I don’t know if that is a generational thing or not, or indeed if it is a provincial thing or not. I do know that the teachers of my time and place were held in high regard by our community. In my street, there was a widow who taught preschool in her house and drew a not very small class to it. It also subbed as some sort of day-care center. She lived to a ripe old age (she was already advanced in years when I was in elementary school) devoting pretty nearly all her life to her calling. People said she renewed her marriage vows only with her work after her husband died. When she died, poor if not entirely penniless, it wasn’t just our street that turned up at the wake and plunged into deep mourning.

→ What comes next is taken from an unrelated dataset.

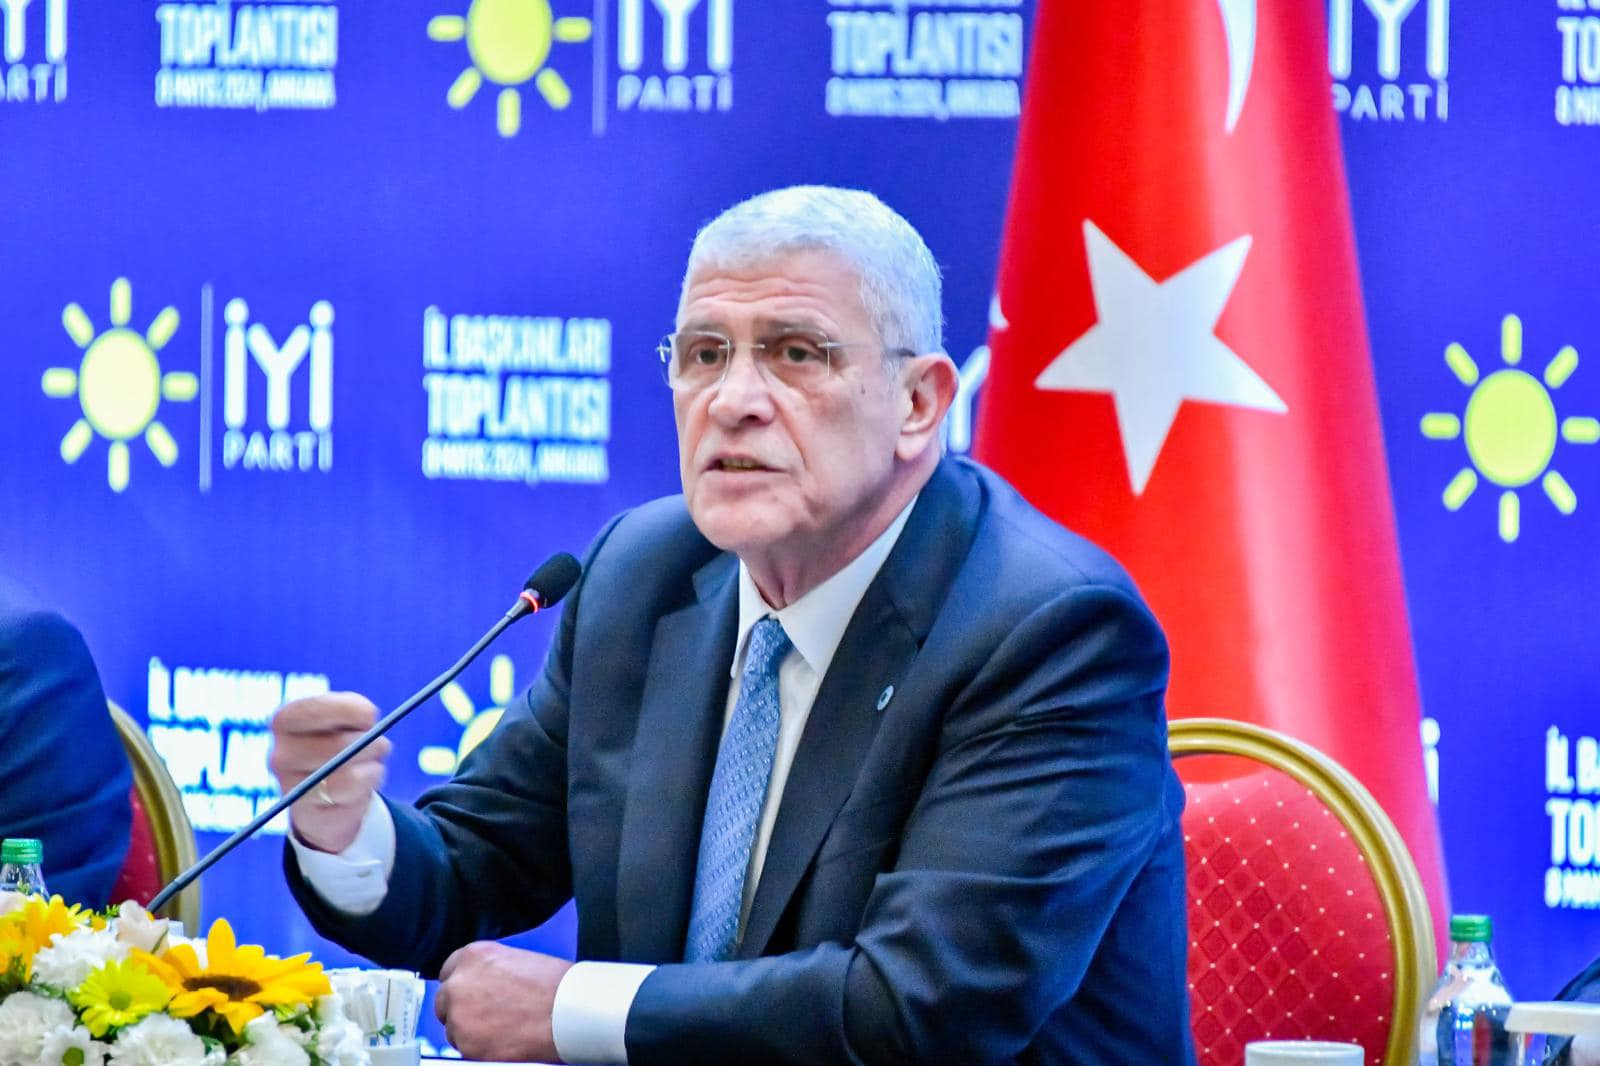 İYİ Parti Genel Başkanı Müsavat Dervişoğlu, Kamuda Tasarruf Paketini Sorguladı

I remembered these things in light of the project of the Philippine Business for Education (PBEd) called “1000 Teachers Program,” which aims to recruit the country’s best and brightest to become teachers. The project aims to restore the luster in teaching, changing the public’s perception from “titser lang” to “titser ko, idol ko.” “In reality,” PBEd says, “teachers are not just teachers. They are classroom managers. They are chief operating officers of cramped classrooms with some of the most rowdy and academically challenged students.”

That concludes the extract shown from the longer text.